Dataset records
__________
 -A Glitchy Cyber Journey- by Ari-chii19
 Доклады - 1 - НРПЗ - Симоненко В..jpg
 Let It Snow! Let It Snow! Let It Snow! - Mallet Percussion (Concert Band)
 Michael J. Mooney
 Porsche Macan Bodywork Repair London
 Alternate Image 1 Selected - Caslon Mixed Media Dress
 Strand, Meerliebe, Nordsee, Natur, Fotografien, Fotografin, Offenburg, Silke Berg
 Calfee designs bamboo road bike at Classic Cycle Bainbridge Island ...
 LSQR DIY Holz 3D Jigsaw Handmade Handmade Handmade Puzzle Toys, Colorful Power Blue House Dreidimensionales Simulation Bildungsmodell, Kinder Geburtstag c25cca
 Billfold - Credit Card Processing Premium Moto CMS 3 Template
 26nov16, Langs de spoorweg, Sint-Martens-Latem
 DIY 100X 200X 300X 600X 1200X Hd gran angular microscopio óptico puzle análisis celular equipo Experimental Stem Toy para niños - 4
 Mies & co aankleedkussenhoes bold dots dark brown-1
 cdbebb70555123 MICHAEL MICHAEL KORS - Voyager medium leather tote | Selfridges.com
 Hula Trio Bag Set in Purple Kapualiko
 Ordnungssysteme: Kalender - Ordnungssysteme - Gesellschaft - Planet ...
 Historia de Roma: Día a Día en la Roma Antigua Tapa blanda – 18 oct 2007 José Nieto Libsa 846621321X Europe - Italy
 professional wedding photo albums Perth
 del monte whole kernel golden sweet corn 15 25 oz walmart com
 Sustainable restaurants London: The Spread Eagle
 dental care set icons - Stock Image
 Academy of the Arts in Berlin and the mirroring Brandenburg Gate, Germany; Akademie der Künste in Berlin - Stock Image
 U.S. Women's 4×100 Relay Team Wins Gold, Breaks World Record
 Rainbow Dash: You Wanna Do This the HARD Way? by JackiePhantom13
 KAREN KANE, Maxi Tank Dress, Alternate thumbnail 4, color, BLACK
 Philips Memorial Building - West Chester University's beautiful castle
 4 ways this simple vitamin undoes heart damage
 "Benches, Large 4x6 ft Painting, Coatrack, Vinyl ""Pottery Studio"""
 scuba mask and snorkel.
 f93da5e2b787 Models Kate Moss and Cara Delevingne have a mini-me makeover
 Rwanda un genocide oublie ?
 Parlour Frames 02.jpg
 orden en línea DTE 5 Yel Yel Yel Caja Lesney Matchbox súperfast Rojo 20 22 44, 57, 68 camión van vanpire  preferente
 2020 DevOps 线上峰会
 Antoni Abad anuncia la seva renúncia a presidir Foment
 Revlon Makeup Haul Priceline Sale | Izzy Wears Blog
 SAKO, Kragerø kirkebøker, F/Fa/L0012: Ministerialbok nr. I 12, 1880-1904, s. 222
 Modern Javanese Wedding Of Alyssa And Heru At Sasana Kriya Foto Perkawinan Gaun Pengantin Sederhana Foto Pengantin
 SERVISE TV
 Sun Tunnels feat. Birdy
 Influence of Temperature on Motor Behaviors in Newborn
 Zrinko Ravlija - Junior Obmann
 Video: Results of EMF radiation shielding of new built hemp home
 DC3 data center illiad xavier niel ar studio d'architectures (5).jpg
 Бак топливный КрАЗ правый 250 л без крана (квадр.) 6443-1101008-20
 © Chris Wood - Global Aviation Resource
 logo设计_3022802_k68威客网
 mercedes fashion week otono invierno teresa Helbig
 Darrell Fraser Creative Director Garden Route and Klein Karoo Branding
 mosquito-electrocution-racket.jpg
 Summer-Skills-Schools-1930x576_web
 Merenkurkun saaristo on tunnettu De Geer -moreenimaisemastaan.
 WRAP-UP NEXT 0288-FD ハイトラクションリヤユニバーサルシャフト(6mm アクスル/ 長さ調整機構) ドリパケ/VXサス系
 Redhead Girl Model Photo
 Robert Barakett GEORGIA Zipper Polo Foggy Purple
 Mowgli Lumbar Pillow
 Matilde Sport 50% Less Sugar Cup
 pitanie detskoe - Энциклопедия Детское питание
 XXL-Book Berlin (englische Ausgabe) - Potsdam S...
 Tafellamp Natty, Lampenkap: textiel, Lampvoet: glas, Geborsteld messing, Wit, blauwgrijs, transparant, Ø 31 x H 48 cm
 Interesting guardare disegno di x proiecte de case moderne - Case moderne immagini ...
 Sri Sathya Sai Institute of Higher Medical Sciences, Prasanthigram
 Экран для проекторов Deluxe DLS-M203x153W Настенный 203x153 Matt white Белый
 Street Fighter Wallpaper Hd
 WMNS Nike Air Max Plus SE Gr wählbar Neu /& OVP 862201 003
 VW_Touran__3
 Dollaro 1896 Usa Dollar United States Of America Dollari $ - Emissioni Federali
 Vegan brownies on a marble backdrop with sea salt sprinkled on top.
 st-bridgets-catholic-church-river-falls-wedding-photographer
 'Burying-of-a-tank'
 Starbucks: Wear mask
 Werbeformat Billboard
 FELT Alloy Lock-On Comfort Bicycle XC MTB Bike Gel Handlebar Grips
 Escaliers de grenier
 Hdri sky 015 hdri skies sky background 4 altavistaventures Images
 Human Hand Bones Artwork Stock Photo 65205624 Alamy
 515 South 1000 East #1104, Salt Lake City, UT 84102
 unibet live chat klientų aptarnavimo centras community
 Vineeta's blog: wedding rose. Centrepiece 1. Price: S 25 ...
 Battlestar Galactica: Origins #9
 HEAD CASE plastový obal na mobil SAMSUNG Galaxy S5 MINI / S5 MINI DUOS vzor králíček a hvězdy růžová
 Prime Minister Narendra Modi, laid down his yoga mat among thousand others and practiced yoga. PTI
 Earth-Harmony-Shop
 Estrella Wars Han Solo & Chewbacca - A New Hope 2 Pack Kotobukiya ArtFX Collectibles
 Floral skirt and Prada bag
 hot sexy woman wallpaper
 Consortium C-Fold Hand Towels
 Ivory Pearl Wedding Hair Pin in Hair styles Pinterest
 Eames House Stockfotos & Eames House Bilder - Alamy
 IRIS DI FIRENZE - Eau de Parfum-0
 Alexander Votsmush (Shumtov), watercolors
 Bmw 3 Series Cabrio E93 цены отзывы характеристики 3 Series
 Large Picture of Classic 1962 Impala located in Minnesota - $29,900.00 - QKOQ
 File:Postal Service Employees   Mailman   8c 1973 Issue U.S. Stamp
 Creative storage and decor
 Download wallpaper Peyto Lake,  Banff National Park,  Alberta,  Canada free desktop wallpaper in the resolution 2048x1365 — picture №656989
__________
# [Your assignment]
From the records above, quote only the lines running from the line with "pitanie detskoe - Энциклопедия" to the line with "Consortium C-Fold Hand Towels", both lines included.

# [Response to the task]
 pitanie detskoe - Энциклопедия Детское питание
 XXL-Book Berlin (englische Ausgabe) - Potsdam S...
 Tafellamp Natty, Lampenkap: textiel, Lampvoet: glas, Geborsteld messing, Wit, blauwgrijs, transparant, Ø 31 x H 48 cm
 Interesting guardare disegno di x proiecte de case moderne - Case moderne immagini ...
 Sri Sathya Sai Institute of Higher Medical Sciences, Prasanthigram
 Экран для проекторов Deluxe DLS-M203x153W Настенный 203x153 Matt white Белый
 Street Fighter Wallpaper Hd
 WMNS Nike Air Max Plus SE Gr wählbar Neu /& OVP 862201 003
 VW_Touran__3
 Dollaro 1896 Usa Dollar United States Of America Dollari $ - Emissioni Federali
 Vegan brownies on a marble backdrop with sea salt sprinkled on top.
 st-bridgets-catholic-church-river-falls-wedding-photographer
 'Burying-of-a-tank'
 Starbucks: Wear mask
 Werbeformat Billboard
 FELT Alloy Lock-On Comfort Bicycle XC MTB Bike Gel Handlebar Grips
 Escaliers de grenier
 Hdri sky 015 hdri skies sky background 4 altavistaventures Images
 Human Hand Bones Artwork Stock Photo 65205624 Alamy
 515 South 1000 East #1104, Salt Lake City, UT 84102
 unibet live chat klientų aptarnavimo centras community
 Vineeta's blog: wedding rose. Centrepiece 1. Price: S 25 ...
 Battlestar Galactica: Origins #9
 HEAD CASE plastový obal na mobil SAMSUNG Galaxy S5 MINI / S5 MINI DUOS vzor králíček a hvězdy růžová
 Prime Minister Narendra Modi, laid down his yoga mat among thousand others and practiced yoga. PTI
 Earth-Harmony-Shop
 Estrella Wars Han Solo & Chewbacca - A New Hope 2 Pack Kotobukiya ArtFX Collectibles
 Floral skirt and Prada bag
 hot sexy woman wallpaper
 Consortium C-Fold Hand Towels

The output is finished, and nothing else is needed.